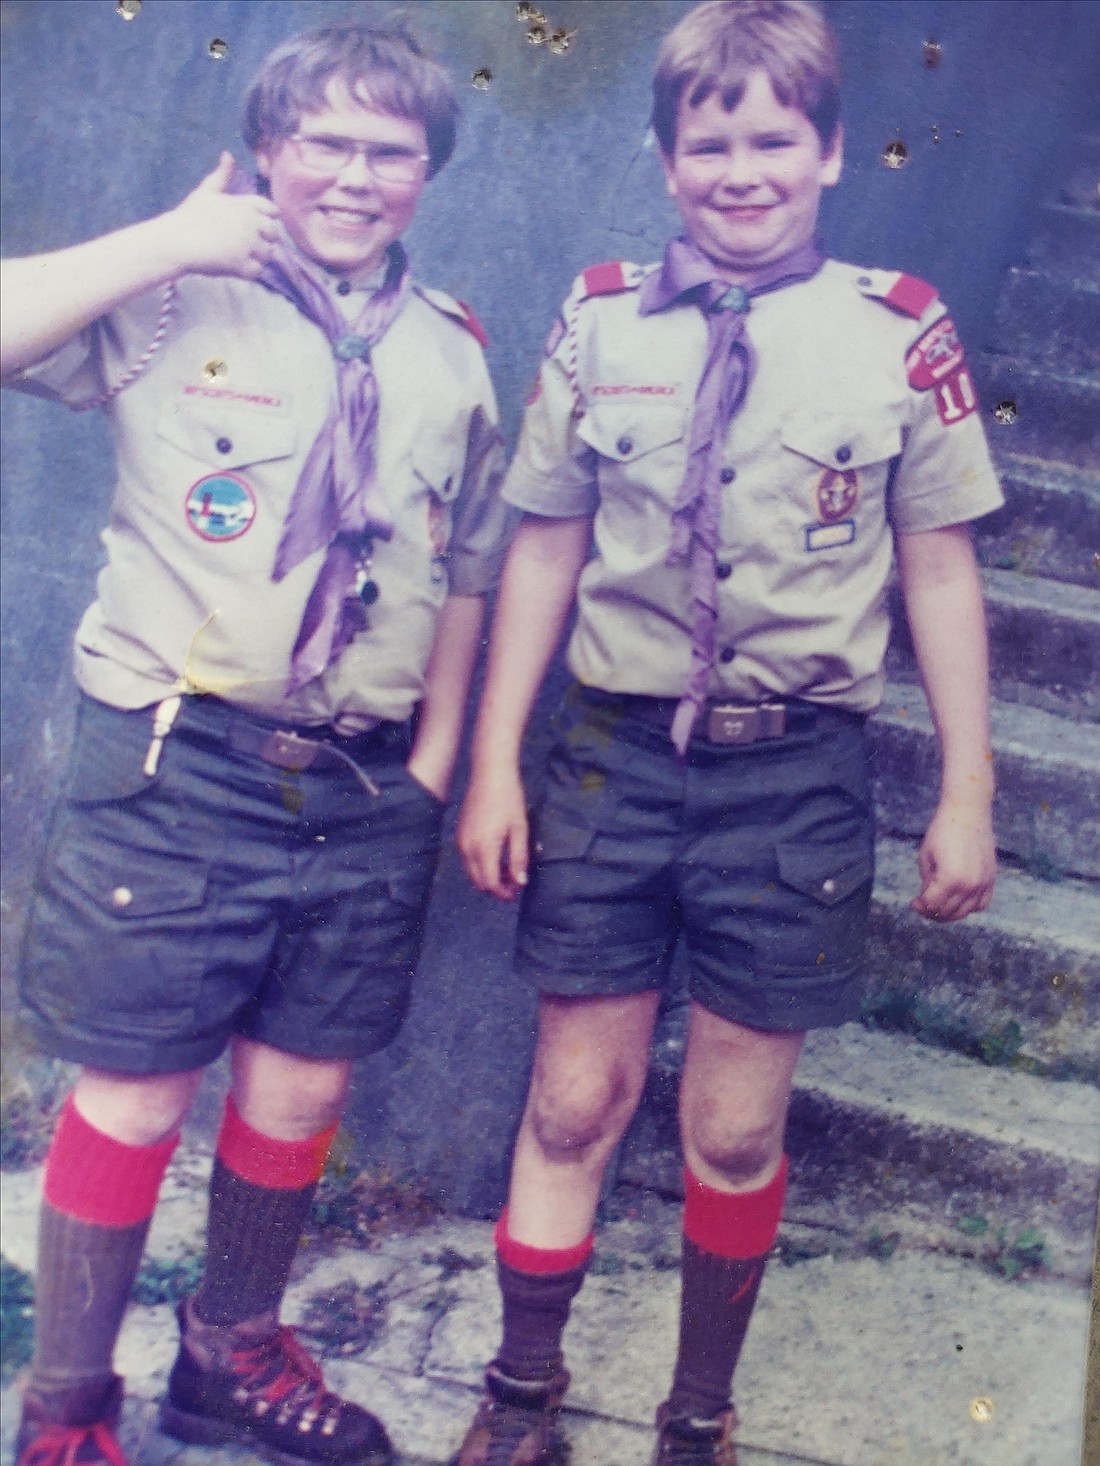 Scott Fairbanks, left, and Jason D. Martin in the early 1980s after a successful — but very dirty — camping trip. Fairbanks died shortly before the pandemic at the age of 47. He shared Martin's opinion that being a scout made him who he was.
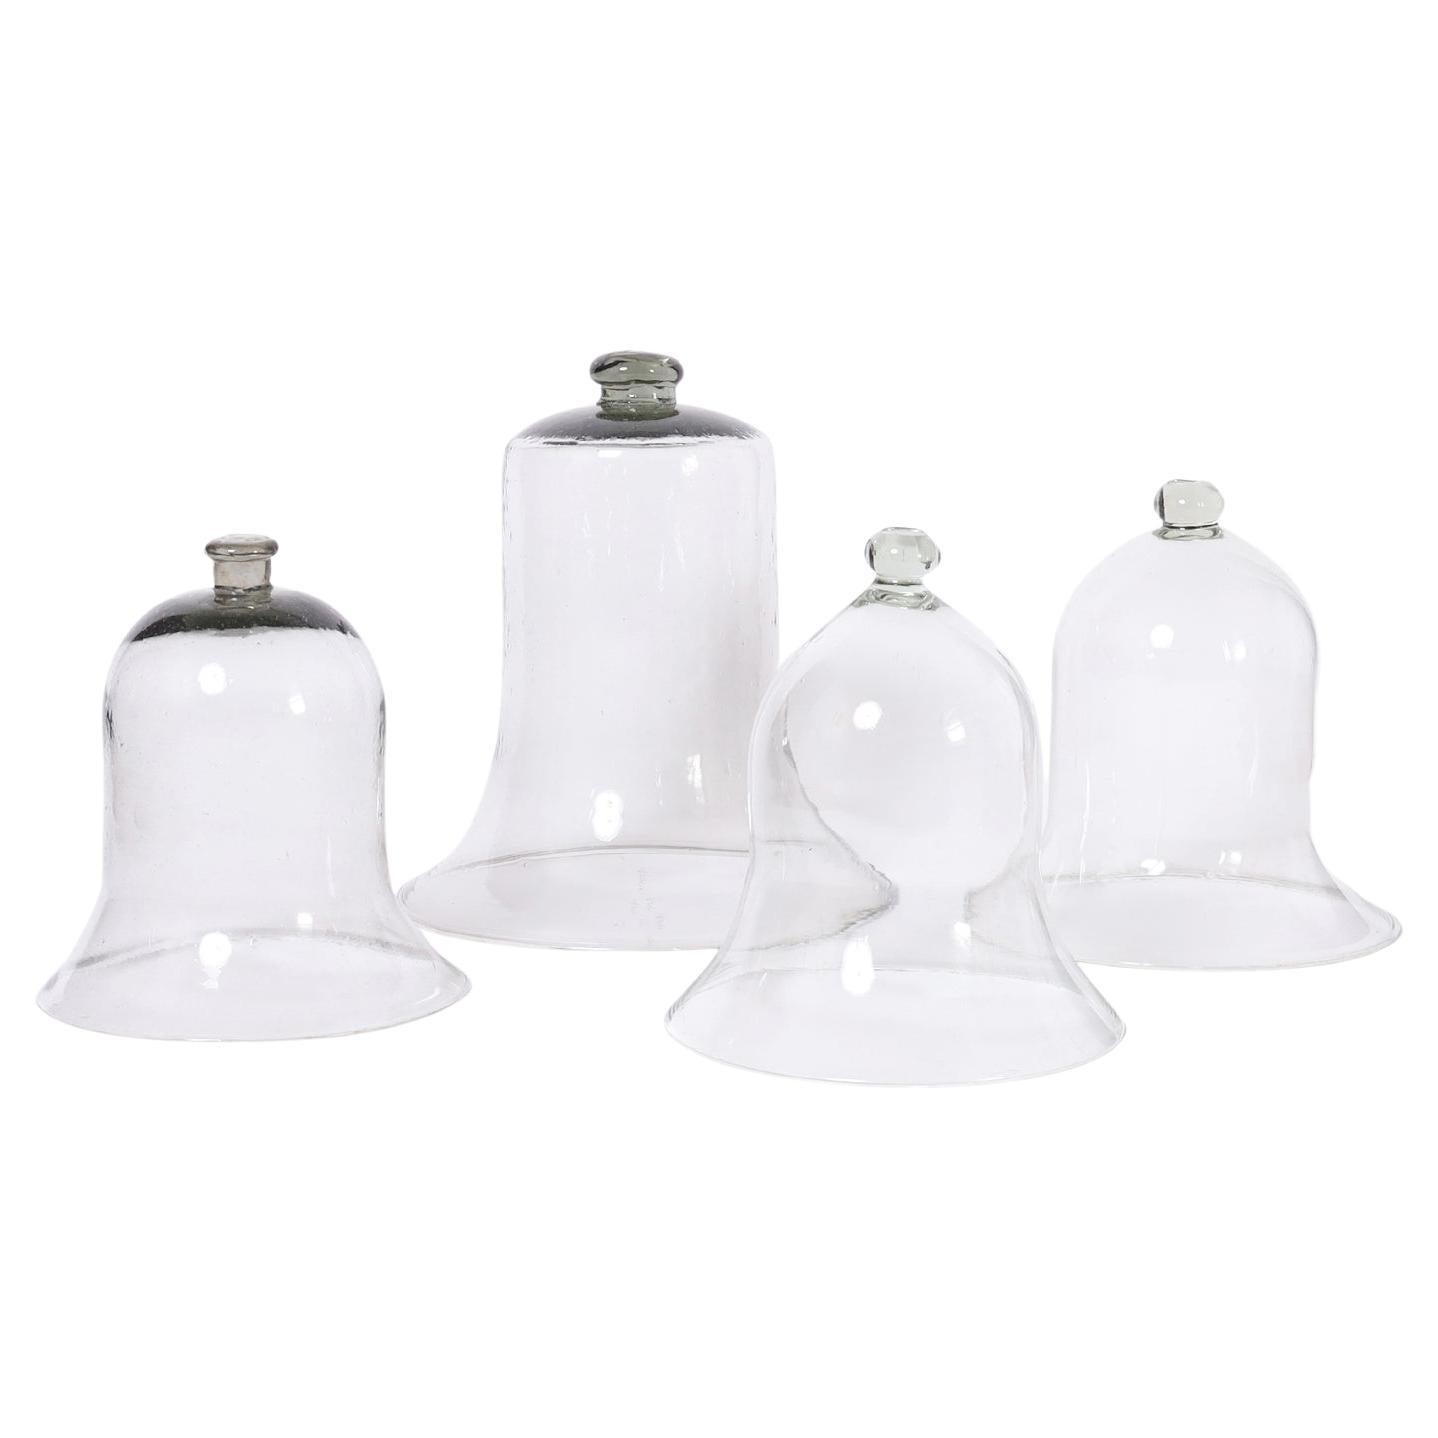 Set of Four Glass Garden Cloches Inbox, Priced Individually
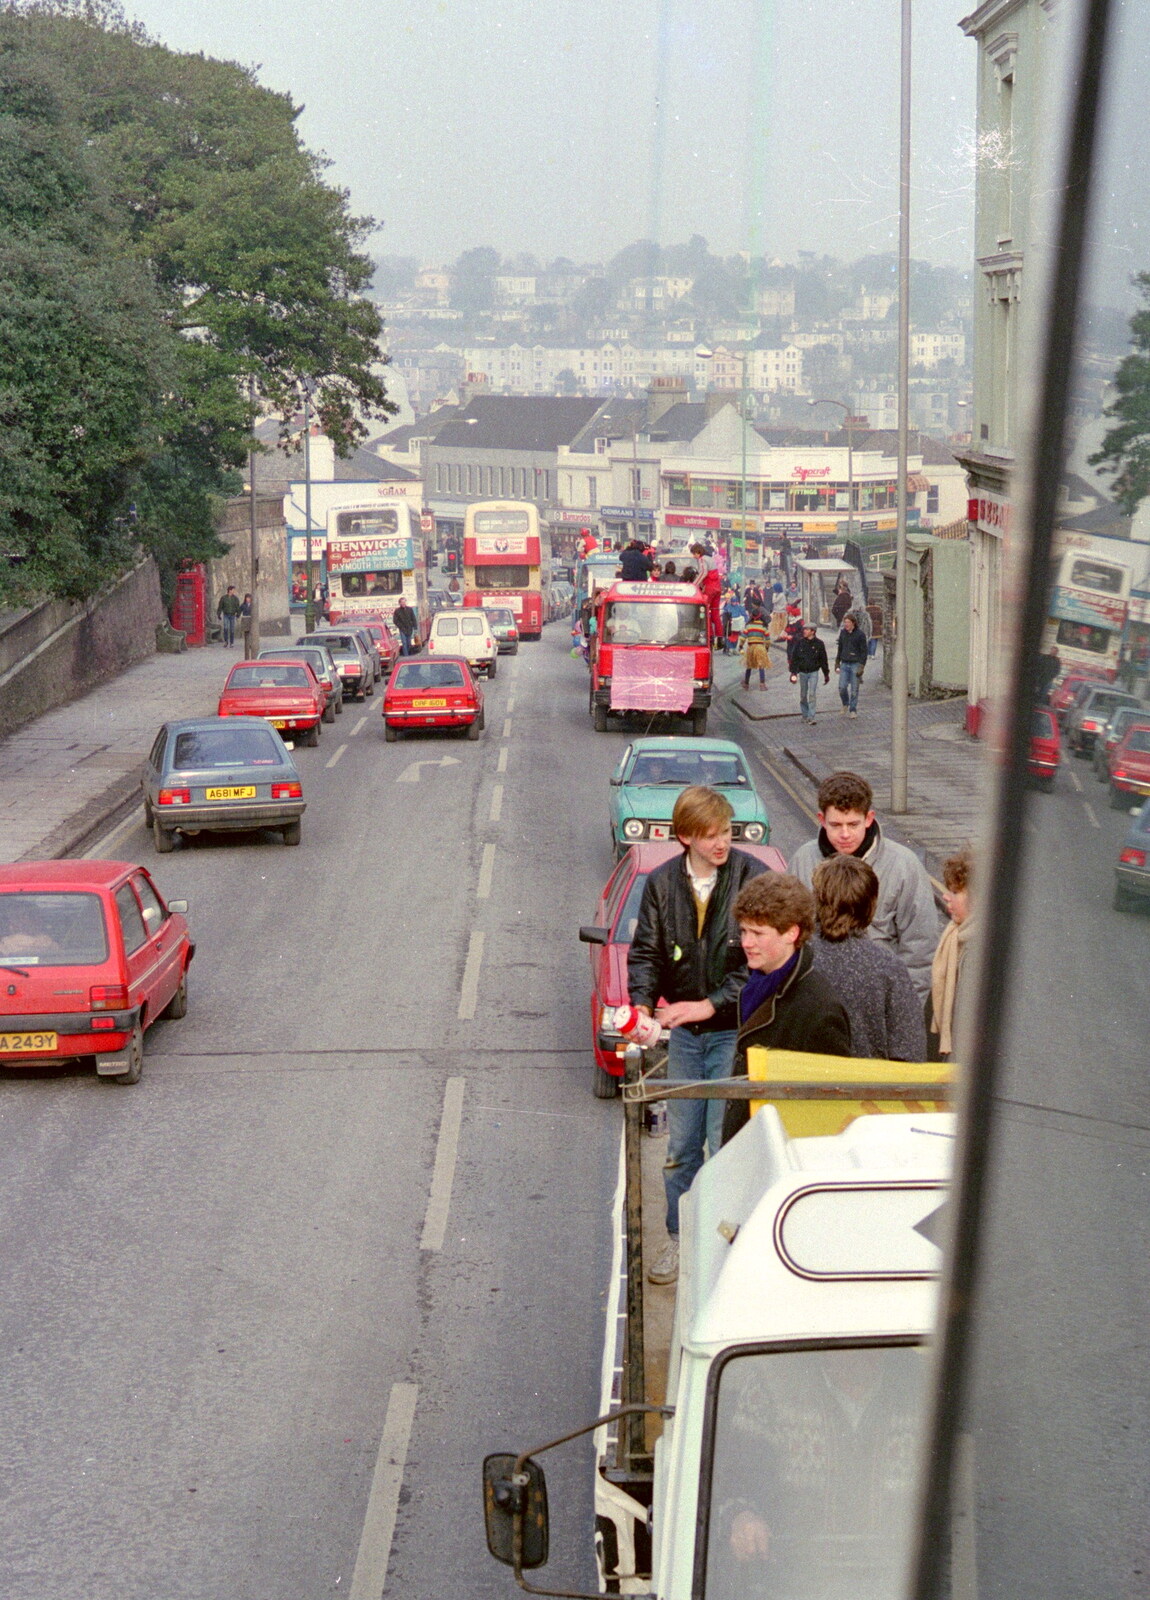 A view of Mutley Plain from the top of a bus from Uni: PPSU "Jazz" RAG Street Parade, Plymouth, Devon - 17th February 1986

__WORK REQUIRED__
Each line above should be written out again exactly, and no picture should appear in the copy.

__TASK SOLUTION__
 Scott Fairbanks, left, and Jason D. Martin in the early 1980s after a successful — but very dirty — camping trip. Fairbanks died shortly before the pandemic at the age of 47. He shared Martin's opinion that being a scout made him who he was.
 Set of Four Glass Garden Cloches Inbox, Priced Individually
 A view of Mutley Plain from the top of a bus from Uni: PPSU "Jazz" RAG Street Parade, Plymouth, Devon - 17th February 1986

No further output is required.